Weatherly’s breakthrough win came at Laconia in 1948, when he beat fellow Harley-Davidson rider and Laconia veteran Babe Tancrede by almost a full minute. It was a surprising win for the then little-known rider from Virginia, but he proved it was no fluke by winning the race again the next year. Weatherly had proven himself to be one of the finest road racers in the country.
The 1949 season proved to be Weatherly’s most active. In addition to winning at Laconia that year, he also earned podium finishes at nationals on the half-miles of Jacksonville, Florida, and Reading, Pennsylvania, and took third in the Langhorne (Pennsylvania) 100-Mile National.
In 1950, he won the AMA 10-Mile National held at one of his home state tracks in Richmond, Virginia.
By 1951, Weatherly was scaling back his motorcycle racing efforts in favor of racing stock cars. By 1952, he had totally committed to racing automobiles but made a few more appearances in the Daytona 200 motorcycle classic through 1954.
The move to stock cars proved to be a good one for Weatherly.

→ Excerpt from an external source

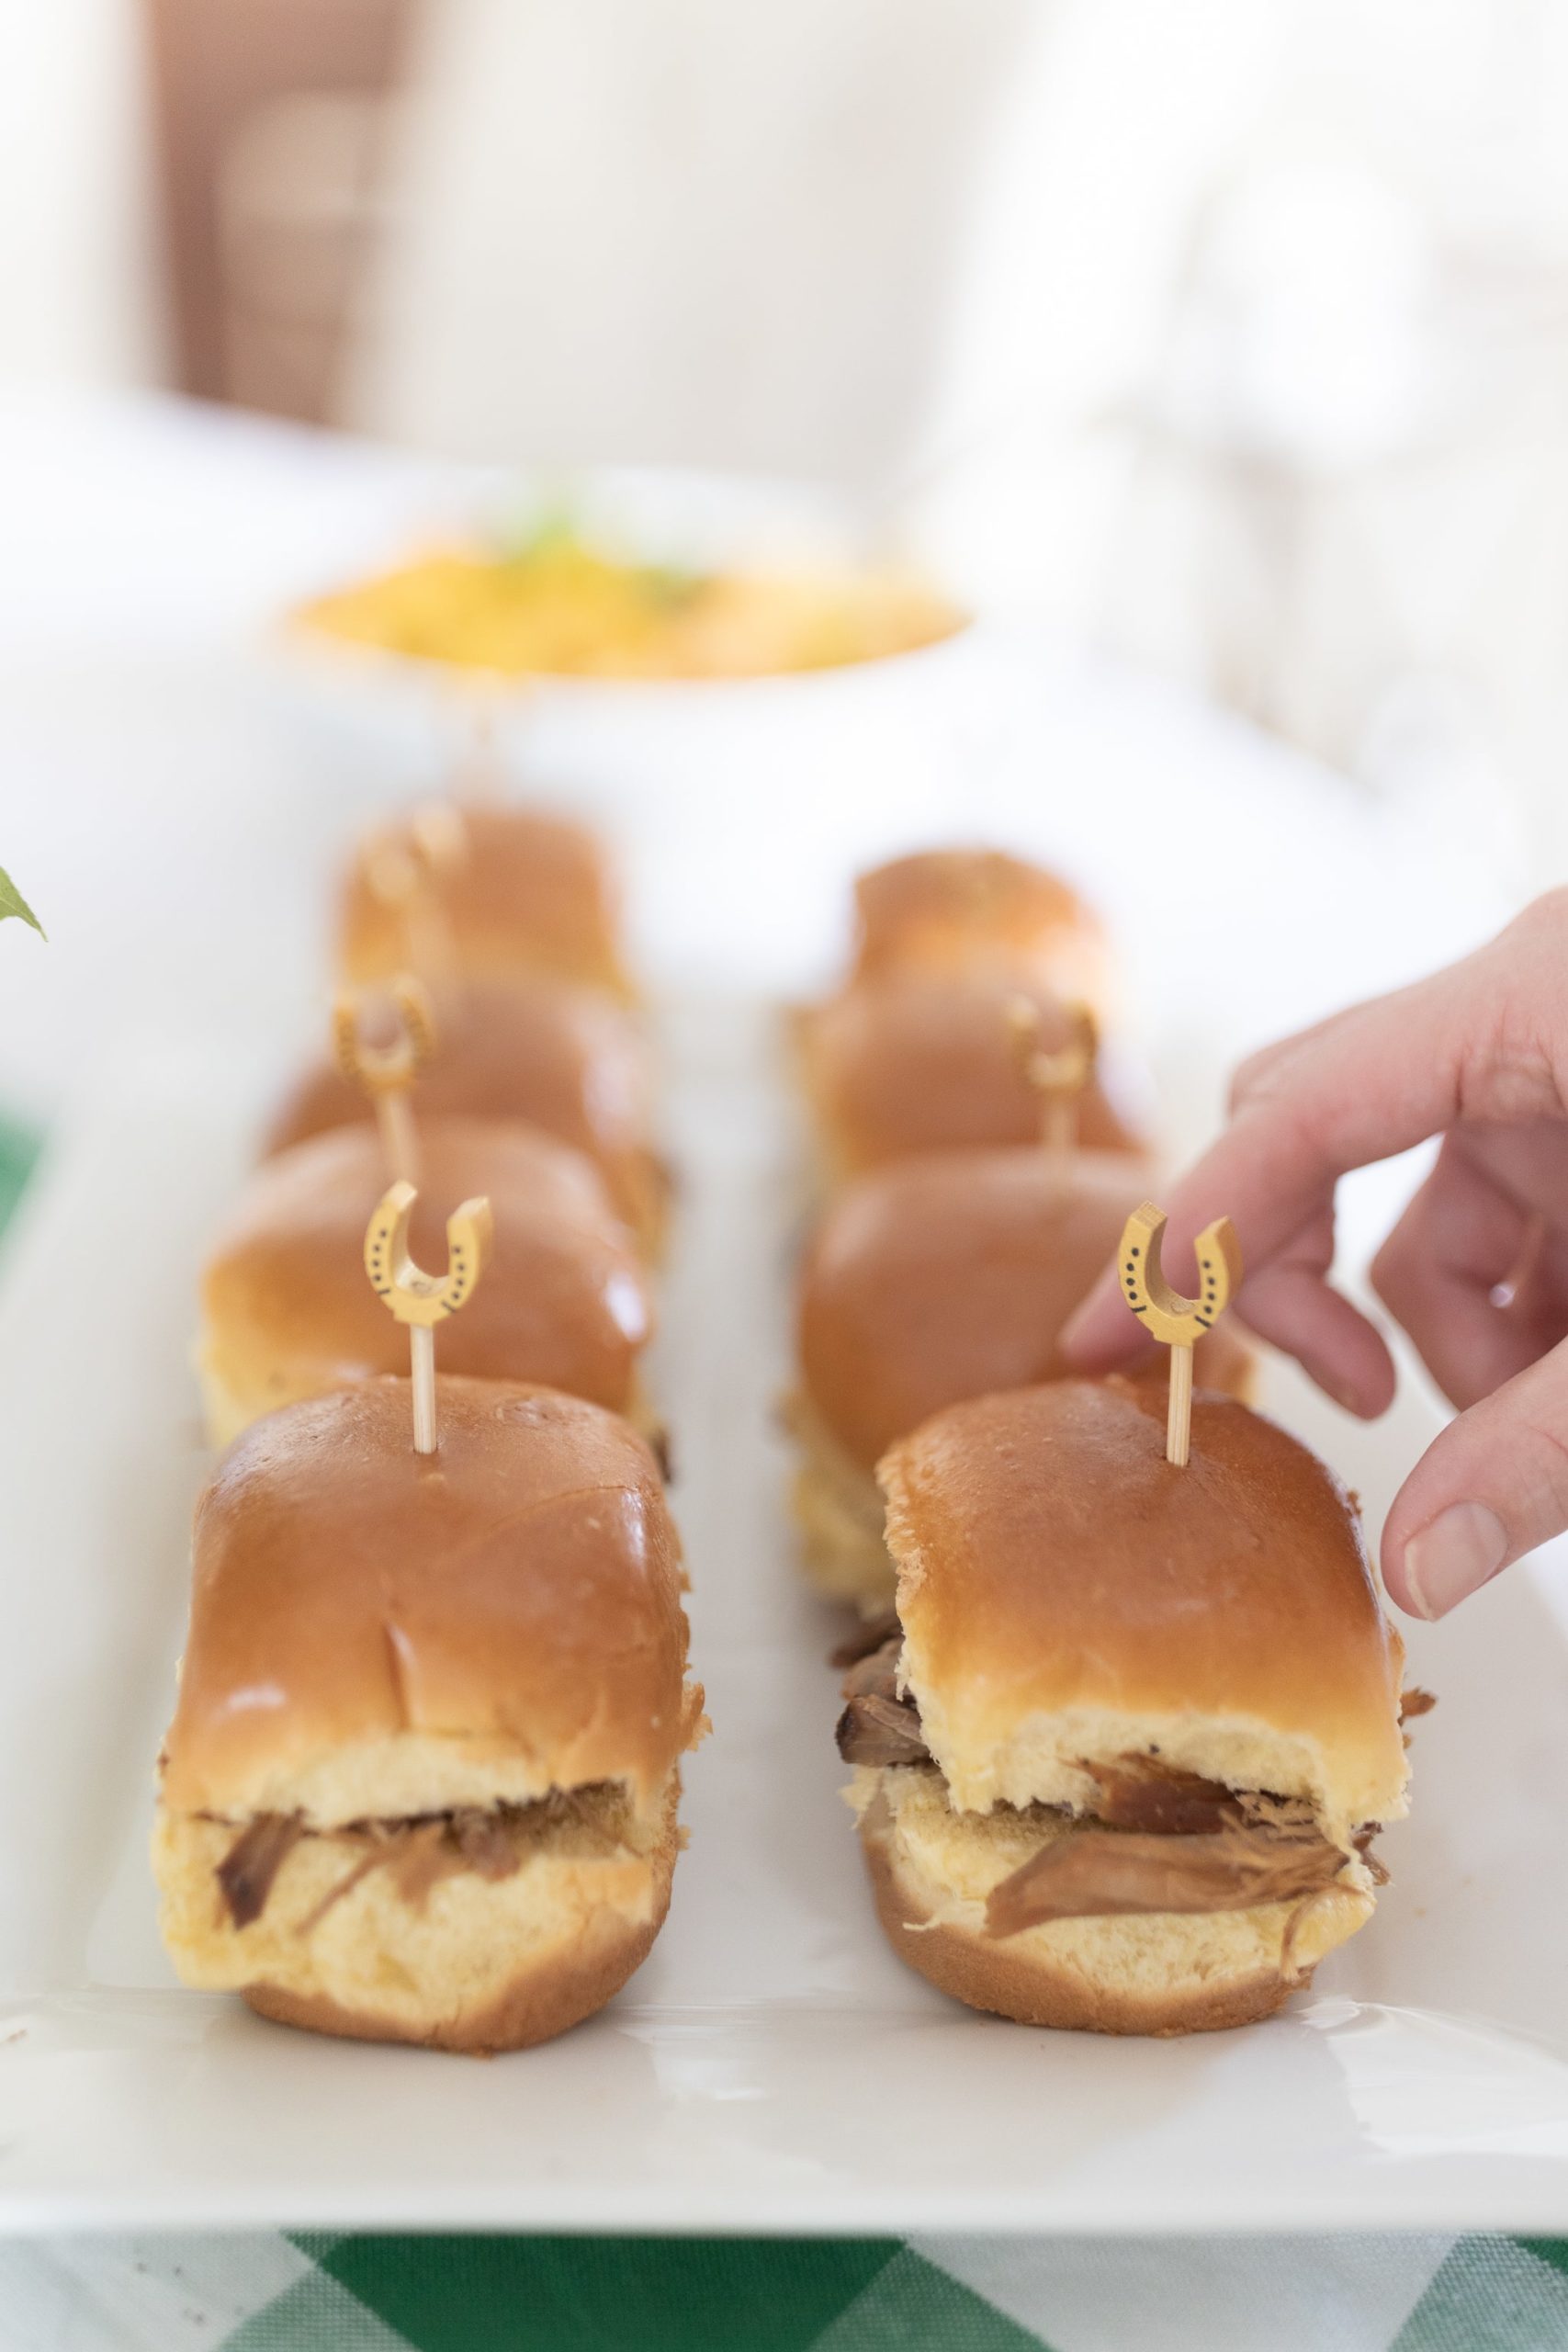 Bourbon pulled pork sliders served with gold horseshoe cocktail picks by southern blogger Stephanie Ziajka on Diary of a Debutante

He started winning frequently on the NASCAR circuit and won his two NASCAR titles in the early 1960s.
Weatherly was a likable person and won NASCAR’s Most Popular Driver Award in 1961. Weatherly, Lee Petty, and Johnny Beauchamp were the three drivers in the famous inaugural Daytona 500 three-wide finish in 1959.
Weatherly’s life was cut tragically short after he succumbed to injuries received at a NASCAR race in Riverside, California, on January 19, 1964.
Weatherly was one of the few that won on the national level in both motorcycles and cars. His accomplishments have been duly recognized. In 1994, he was named to the International Motorsports Hall of Fame in Talladega, Alabama, and a stock car racing museum adjacent to Darlington Raceway in South Carolina is named in his honor.